ObsCore 1.1, Erratum 3: Drop obs_id non-NULL requirement
Author: Markus Demleitner
Date last changed: 2022-04-12
Date accepted: (not accepted yet)
Rationale
In Version 1.1, Obscore requires the obs_id column to be non-NULL. This column is used in one technique for publishing observational results yielding multiple artefacts, where each artefact has a separate obscore row, which are then grouped by sharing a single obs_id ("multi-row observation"). For services that use datalink for such data or only have single-artefact data in the first place, obs_id plays no role and is therefore often neglected (e.g., there is no index on the column, and it may contain meaningless data invented for the sole purpose of satisfying the non-NULL requirement).
This becomes a problem as validators ascertain that the non-NULL requirement is in fact satisfied. In the absence of an index, the database has to inspect, and hence load from disk, the
entire table (at least in a row-store) in a 1.1-correct obscore table, as it will not find a row with a NULL obs_id. For a large obscore table, this can take minutes, which slows down validation (or leads to false negatives due to timeouts) and puts significant load on the database servers.
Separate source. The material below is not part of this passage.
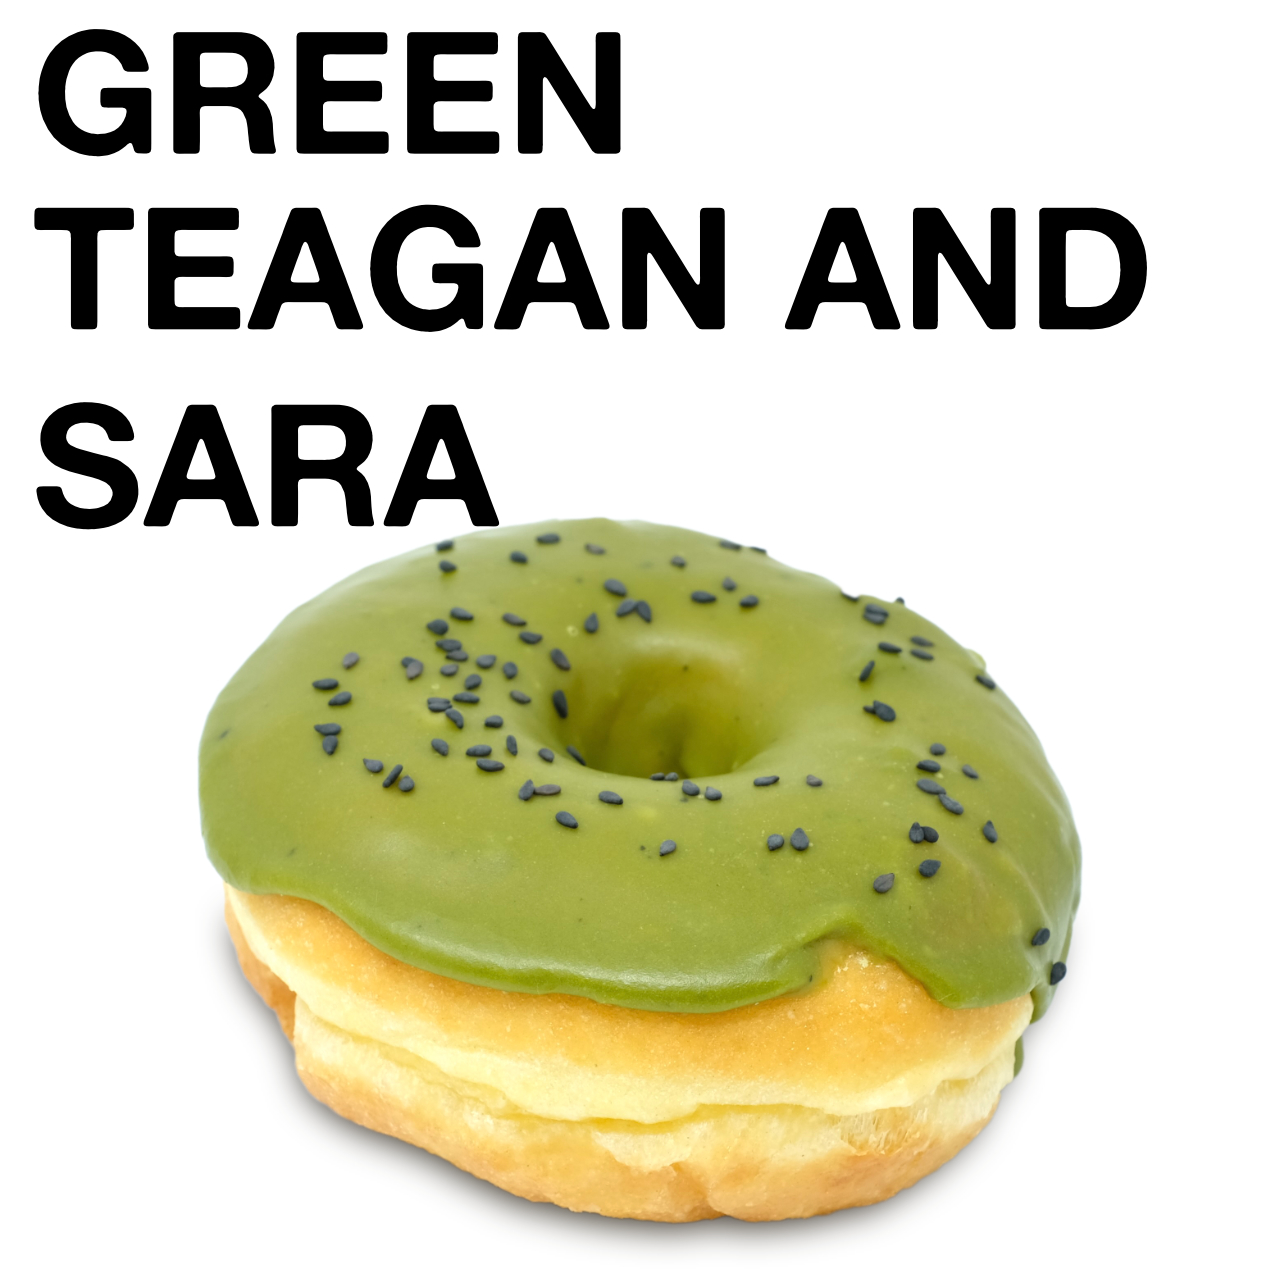 Green Teagan and Sara

To remedy this situation, the operators of such services could of course add indexes to their obs_id columns. At least where obscore is implemented as a view, however, this is not necessarily simple. It was hence tried to find a case where the non-NULL requirement on obs_id actually provides an operational benefit (see
DAL list in March 2022).
Since this did not yield a convincing case, this Erratum drops the non-NULL requirement on obs_id.
Erratum Content
(1) In Table 4, replace the table row
ivoa.ObsCore obs_id |
adql:VARCHAR |
|
not null |
with
ivoa.ObsCore obs_id |
adql:VARCHAR |
|
|
(2) In the sub-chapter to section 4.1 (erroneously called "1.1.1"), replace
Progenitors and their derived data products must have the same obs_id.
with
Progenitors and their derived data products must have the same obs_id if their obs_id is non-NULL.
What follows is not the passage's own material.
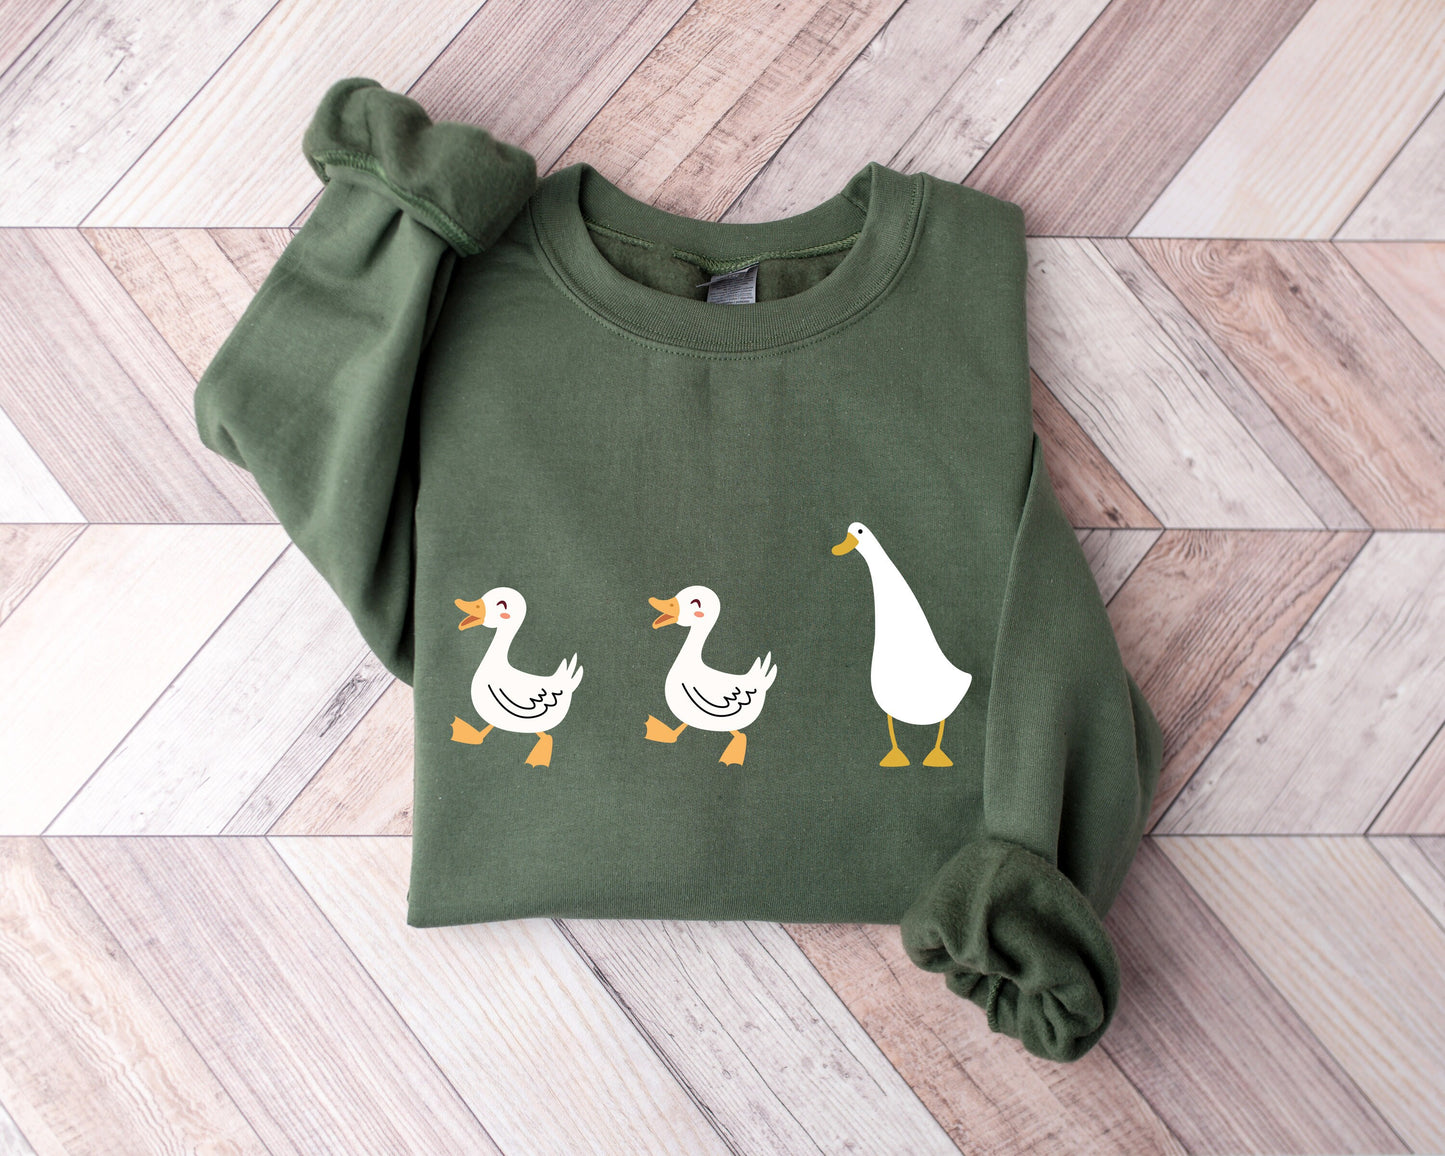 Duck Duck Goose Ultra Cozy Retro Drop Shoulder Graphic Sweatshirt Unisex Soft Tee T-shirt for Women or Men

(3) In Section 4.4, delete the sentence "Values in the obs_id column must not be NULL."
Impact Assessment
Since no use case were identified that would fail when NULL obs_id-s are admitted, we do not expect any practical impact of this change. Service operators that do choose to have NULL obs_ids should consider that queries using obs_id but not aware of this erratum will group all the corresponding rows into a single observation. Given that such queries were not found in software not specifically tailored to a specific archive, that is probably acceptable behaviour.
If this erratum is accepted authors of queries inspecting obs_id are advised to
not group observations with a NULL obs_id; NULL obs_ids always
indicate distinct observations.